Fig. 8 is a schematic structural diagram illustrating a service channel recommendation apparatus according to an embodiment of the present application. As shown in fig. 8, the apparatus includes:
a sixth obtaining module 801, configured to obtain multi-source data information related to a user after receiving a service request sent by a client used by the user;
a second selecting module 802, configured to select a first service channel suitable for the user from multiple service channels according to the multi-source profile information;
a first feedback module 803, configured to feed back the first service channel to the client, so that the client displays the first service channel as a recommended channel.

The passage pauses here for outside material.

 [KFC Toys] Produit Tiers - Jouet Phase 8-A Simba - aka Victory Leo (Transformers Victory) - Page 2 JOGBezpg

According to the technical scheme provided by the embodiment of the application, when a user wants to solve the problem through customer service, a proper service channel is recommended to the user through analysis of multi-source data information related to the user, so that the problem of the user is solved quickly. The technical scheme provided by the embodiment of the application can realize the personalized recommendation of the service channel, not only can reduce the user time and improve the user experience, but also can optimize the distribution of service resources.
Further, the multi-source data information includes at least two of the following: user behavior data, user positioning information, hot events, and user seeking service source interface information.
Further, the user behavior data includes at least one of: historical common service channels, user order information, and historical service contents provided by service channels requested by users.
Further, the apparatus further includes:
a seventh obtaining module, configured to obtain channel resource usage status information related to the service channel;
the third determining module is used for determining whether the first service channel meets a preset recommendation condition according to the channel resource use state information; and
the first feedback module 803 is specifically configured to: and when the preset recommendation condition is met, feeding the first service channel back to the client.
Further, the channel resource usage status information includes: the service channels comprise working state information and/or load state information of each service channel.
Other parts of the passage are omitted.